Now, the child RDD can contain initially string elements or even lists i.e
['1 2','2 3']
or [[1,2],[2,3]]
as that's the data structure that I would implement according to what fits the best.
Question -
- Are there inbuild functions which could do something similar to what I am trying to achieve with these two RDDs? Any transformations?
- Or writing a UDF that parses each element of child and compares it to parent is needed, now my data is a lot so I doubt this would be efficient.
- In case I end up writing a UDF should I use the
foreach
function of RDD?
- In case I end up writing a UDF should I use the
- Or RDD framework is not a good idea for some custom operation like this and dataframes could work here?

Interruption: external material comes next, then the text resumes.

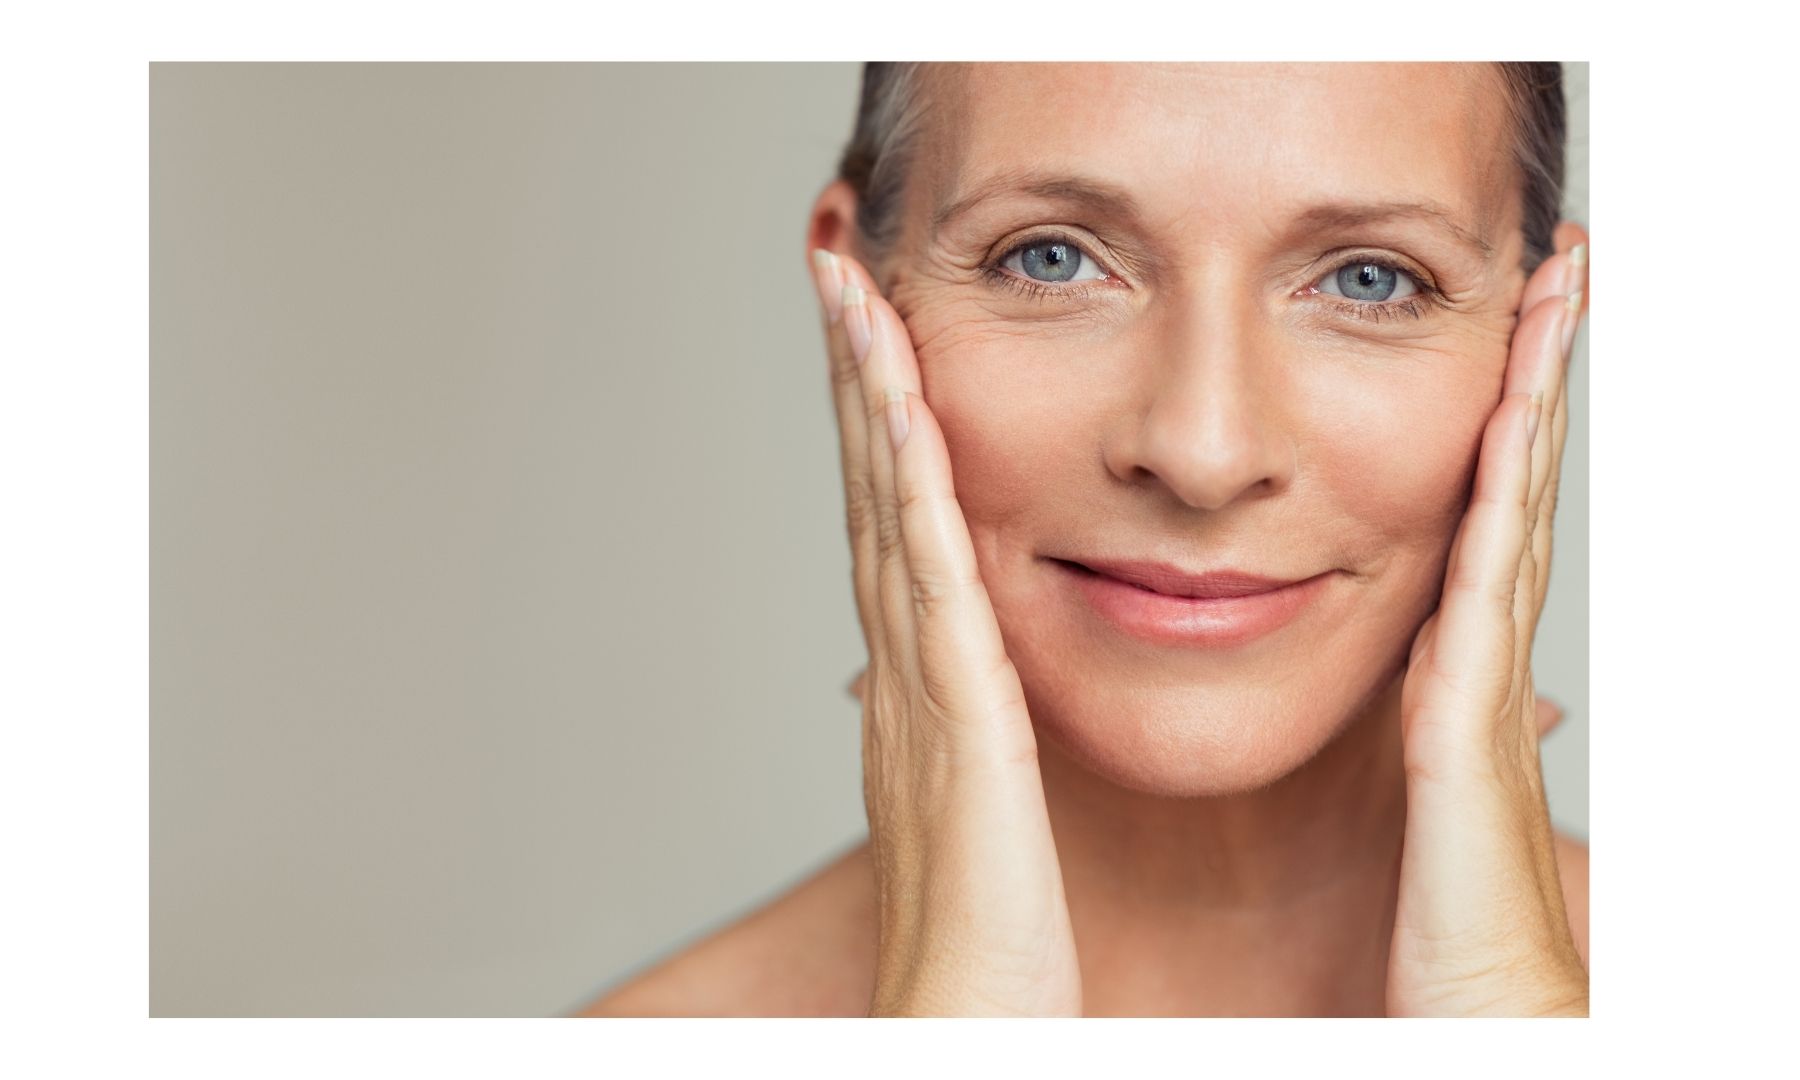 HOW TO PREVENT WRINKLES AND PREMATURE AGEING

I am trying to do this in PySpark. Help or guidance is greatly appreciated!
回答1:
It's easy enough if you use sets, but the trick is with grouping as sets cannot be used as keys. The alternative used here is ordering set elements and generating a string as the corresponding key:
rdd = sc.parallelize(['2 3 5', '4 5 7', '5 4 2 3'])\
.map(lambda l: l.split())\
.map(set)
childRdd = sc.parallelize(['2 3','5 3','4 7','5 7','5 3','2 3'])\
.map(lambda l: l.split())\
.map(set)
#A small utility function to make strings from sets
#the point is order so that grouping can match keys
#that's because sets aren't ordered.
def setToString(theset):
lst = list(theset)
lst.sort()
return ''.join(lst)
Now find pairs where child is subset of parent
childRdd.cartesian(rdd)\
.filter(lambda l: set(l[0]).issubset(set(l[1])))\
.map(lambda pair: (setToString(pair[0]), pair[1]))\
.countByKey()
For the above example, the last line returns:
defaultdict(int, {'23': 4, '35': 4, '47': 1, '57': 1})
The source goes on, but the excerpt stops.